I will create an attachment for this test with loglevel 10.
Comment 13 Olaf Imig 2005-03-15 05:32:07 UTC
Created attachment 1033 [details]
log.smbd (comment #12)
Comment 14 Olaf Imig 2005-04-26 06:28:28 UTC
(In reply to comment #13)
> Created an attachment (id=1033) [edit]
> log.smbd (comment #12)
> 
Because nobody is interested in fixing this bug, I did it myself. The following
patch for 
samba-3.0.15pre2 fix the failure in behavior of the the que-command (get weird
jobid numbers from the queue command in smbclient) and the failure in the
behavior of the cancel command in smbclient.
The reason for the bug is a byte order problem, that means we have this bug at
all BIG-ENDIAN machines. In the functions pjobid_to_rap, rap_to_pjobid,
rap_jobid_delete an uint16 is extracted with SVAL from a tdb-file. At BIG-ENDIAN
machines this switch the byte oder. The programmer forgot to put the uint16 with
SSVAL in the tdb-file. An simple cast work only on LITTLE-ENDIAN machines. For
example the functions get_updating_pid and set_updating_pid work in the right way.

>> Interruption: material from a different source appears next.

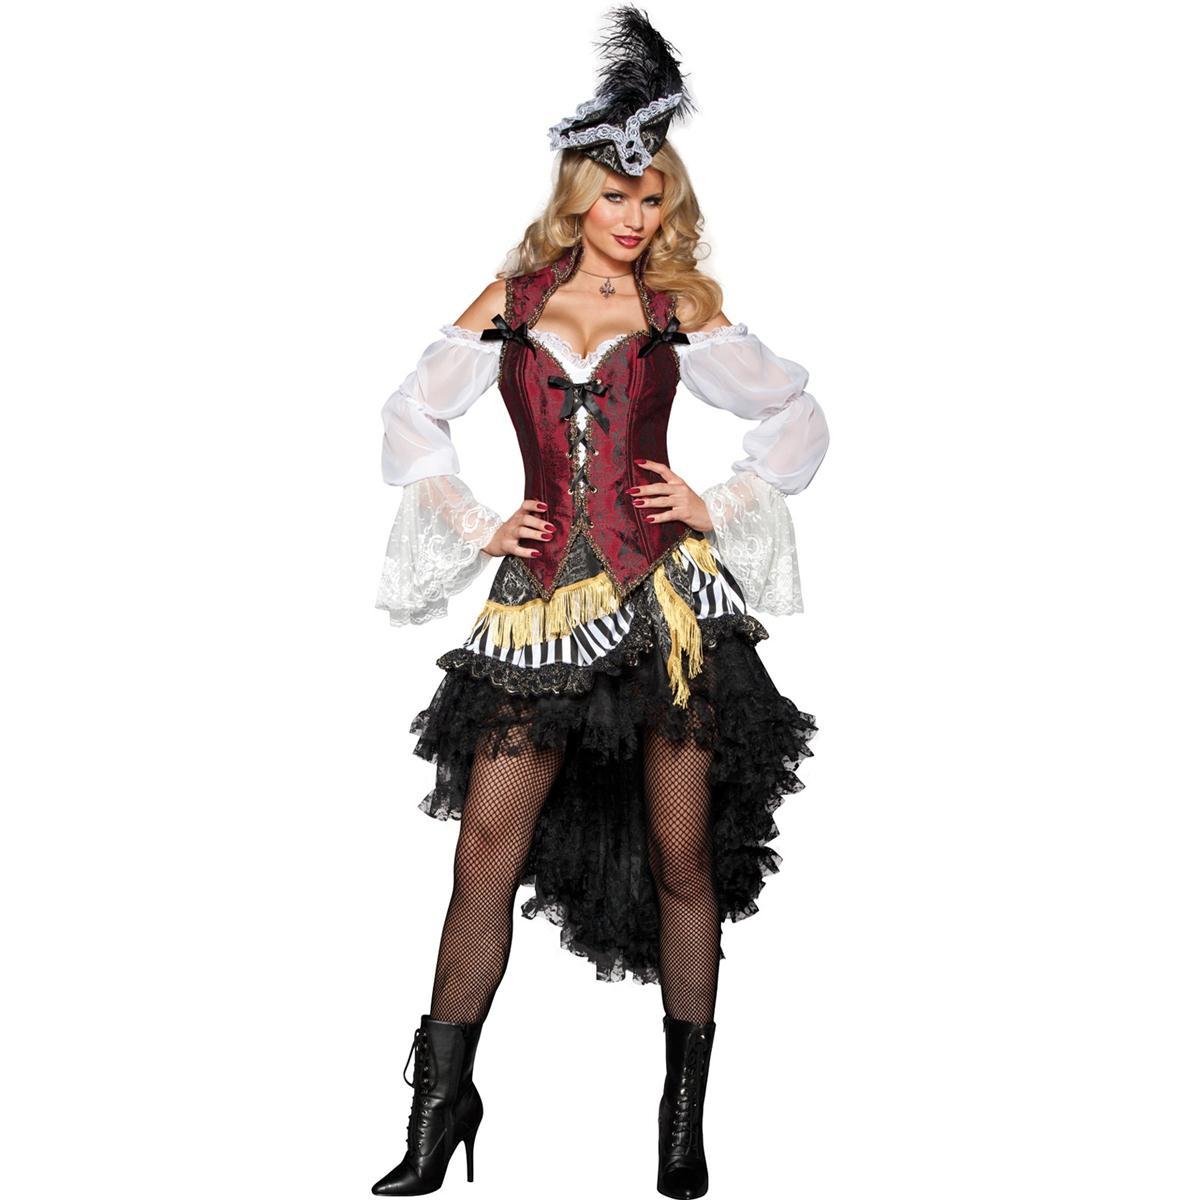 パイレーツ 海賊 ハロウィン コスプレ 衣装 公海の女海賊 大人用コスチューム ハロウィン コスチューム あす楽

Comment 15 Olaf Imig 2005-04-26 06:31:43 UTC
Created attachment 1174 [details]
This is the fix for this Bug
Comment 16 Gerald (Jerry) Carter (dead mail address) 2005-04-26 07:12:48 UTC
Olaf,  Thanks very much for the fix.  I knew it was a byte 
ordering issue when storing and retreiving the job id's.  But the 
actual 32-bit job id are ok.  It didn't realize it was the 16-bit 
RAP job ids.  And with a dead sparc, I could never reproduce it.
Wonderful work.  

Patch applied.  WIll be on the next 3.0.15 snapshot.




Comment 17 Gerald (Jerry) Carter (dead mail address) 2005-08-24 10:19:35 UTC
sorry for the same, cleaning up the database to prevent unecessary reopens of bugs.